Macron's advisers believe that the French are “slaves” to their retirement pensions and don't take “career risks” out of fear of losing their pensions. So Macron wants French workers to take more risks by changing the retirement pensions system.

Macron wants a system where only cash contributions are taken into consideration. Years of experience, nature of the job and labor union negotiations will not be taken into consideration for retirement pensions. The problem with that is, the French way of life is the French way of life and nothing will ever change it.

Let me say this to the French government. Every time an idea is imported from America, it fails miserably. “Open space offices” were a disaster in France, and led to workplace violence to go up from 25% workers suffering from harassment in the 1990s to 50% workers suffering from workplace harassment in the 2010s. Open space offices also means that the percentage of French people who felt like they had “no idea what they were doing on the job” went up from 34% in the 1990s to 74% in the 2010s!

Other American import: startups. In the US, a working for a startup is a good way to boost your career. In France, working for a startup is a sure way to kill your career. Young college graduates in France who tried their luck with startups often complain that their experience is completely undervalued in France, and that by working for a startup they will be stuck working for SMEs the rest of their life, when most French people would rather work for CAC 40 companies (large conglomerates or enterprises).
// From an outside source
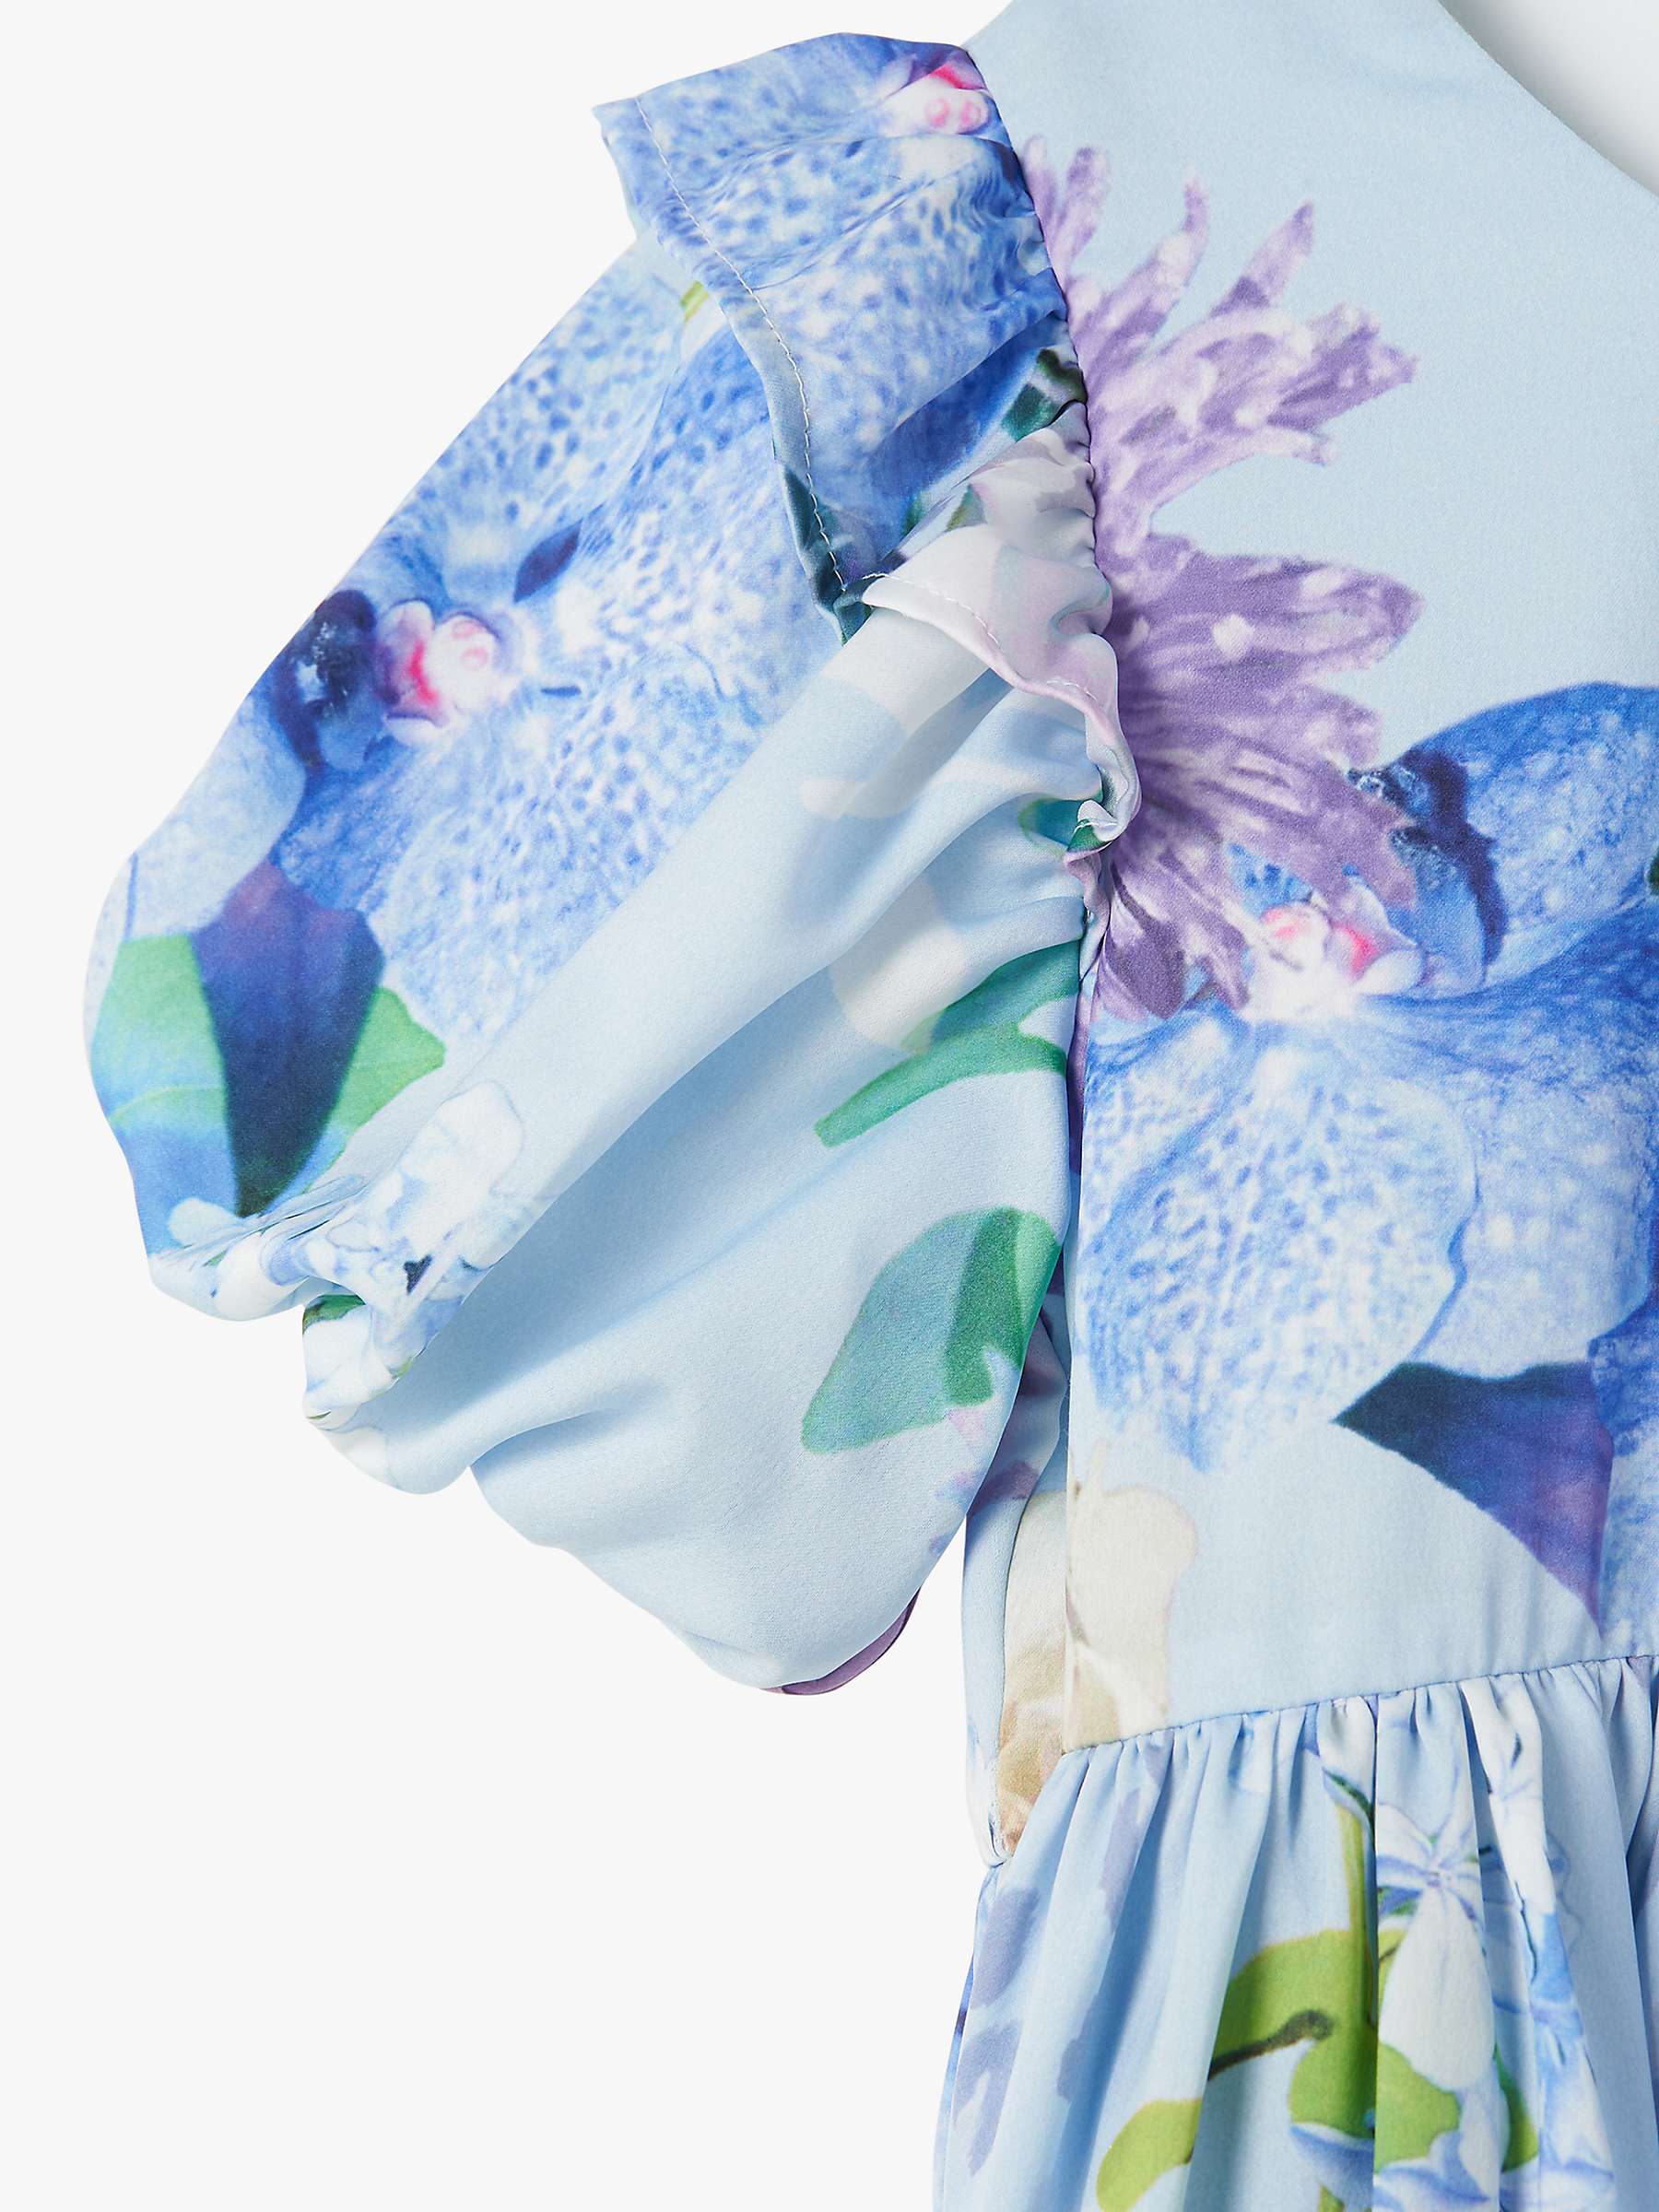 Buy Angel & Rocket Kids' Satin Floral Print Occasion Dress, Blue Online at johnlewis.com

Regarding the pensions system, the French are and will always be comfortable spending their entire life within a single company. Remember that the French highly distrust and dislike strangers, and that it takes 5-7 years of weird stares and angry looks before the French can show some signs of friendliness at the workplace.

Furthermore, a lot of French companies don't hire people over 30 and a lot of French companies don't hire people with previous experience of business ownership.

My advice? Keep the pensions system the way it was. Let's think together about solutions that would match the French cultural realities, rather than copying and pasting the American 401K model.